Thanks!! I'll just try another route. Any advise will be greatly Appreciated

biteme


----------



## chapito (Jan 16, 2017)

Best guess would be look for "Floor model drill presses", here in forums, used parts online, eBay, CL, etc


----------



## Wally95008 (9 mo ago)

This dialog solved my bench drill press problem. I just need to extend the height for a few projects, so the auto tail pipe suggestion worked like a charm.


----------



## WoodenDreams (Aug 23, 2018)

Reviewing your old thread. Yes the tailpipe would work. A steel supply warehouse would have thicker gauge pipe. Your limitation is really the spindle travel. You may only have 2 1/2" travel with the bench top drill press. Verses 3 1/8", 4 3/8" or 6" available on the regular floor model.


----------



## Harryn (Apr 25, 2011)

A bench mounted DP generally has a lighter weight base plate. I would be concerned that it may be top heavy
and subject to tipping, Mount it to a piece of plywood to make it more stable.


----------



## DonnyBahama (Jun 21, 2011)

> Why not something like this.


That's a pretty cool idea but I think I'd build it with drawers and just have a platform that could be used on top of any pulled out drawer.


----------



## DonnyBahama (Jun 21, 2011)

> Your limitation is really the spindle travel. You may only have 2 1/2" travel with the bench top drill press. Verses 3 1/8", 4 3/8" or 6" available on the regular floor model.

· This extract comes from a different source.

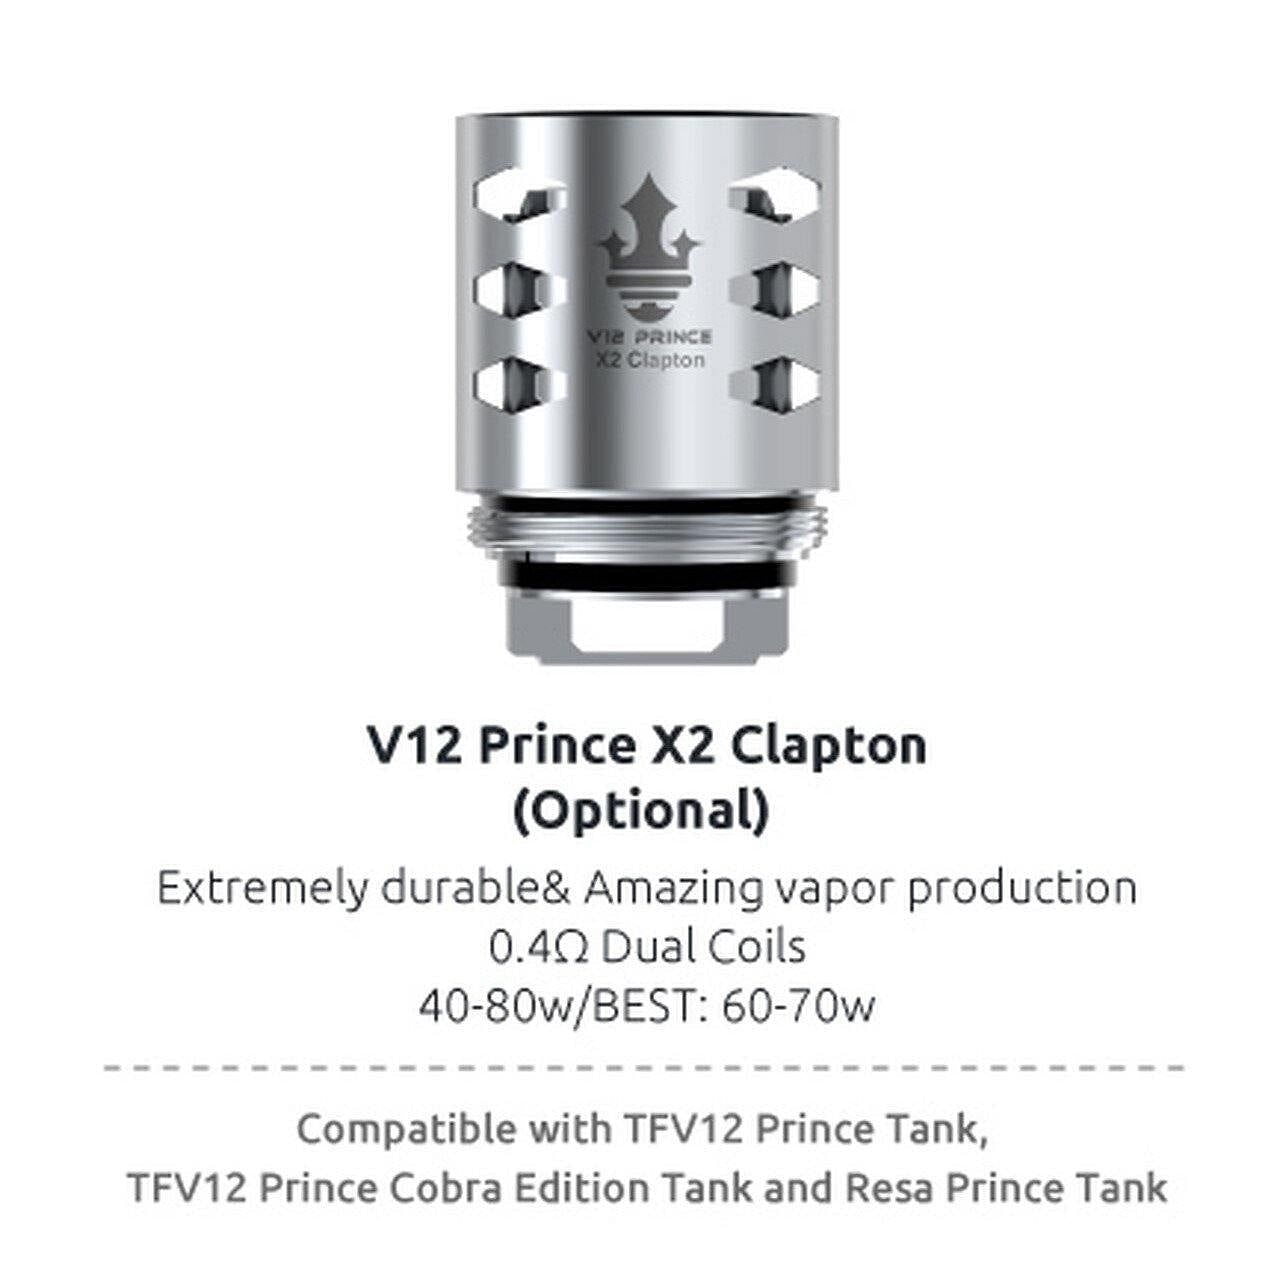 Smok V12 Prince X2 0.4 clapton coil - 3 pack

That's a very good point. I came to the same conclusion. I'm working on a design for a horizontal drill press that would use just the head of the benchtop drill press.


----------



## tvrgeek (Nov 19, 2013)

Old thread. 
Anyway, even with a heavy duty floor stander, the post is flexible. You would not have a rack for the table. Tables quite small. Most are too small as they are set for metalwork. Clamp on tables are clumsy and floppy. 
Save your money and watch for a decent used one. Heavier the better. It should be a hint, one of the obvious spec differences as yo go up in quality is post diameter ( and weight) Longer the stroke the better. Many don't have a really slow speed. I came to the conclusion you can almost choose machine tools by weight.

A lot of money, but there are only two DPs on my list. The super fancy and expensive Nova and the conventional Palmgren. It is a shame about the terrible quality, as the current Delta is one of the few set up for woodworking. Jet not bad either, but again, dubious quality.


----------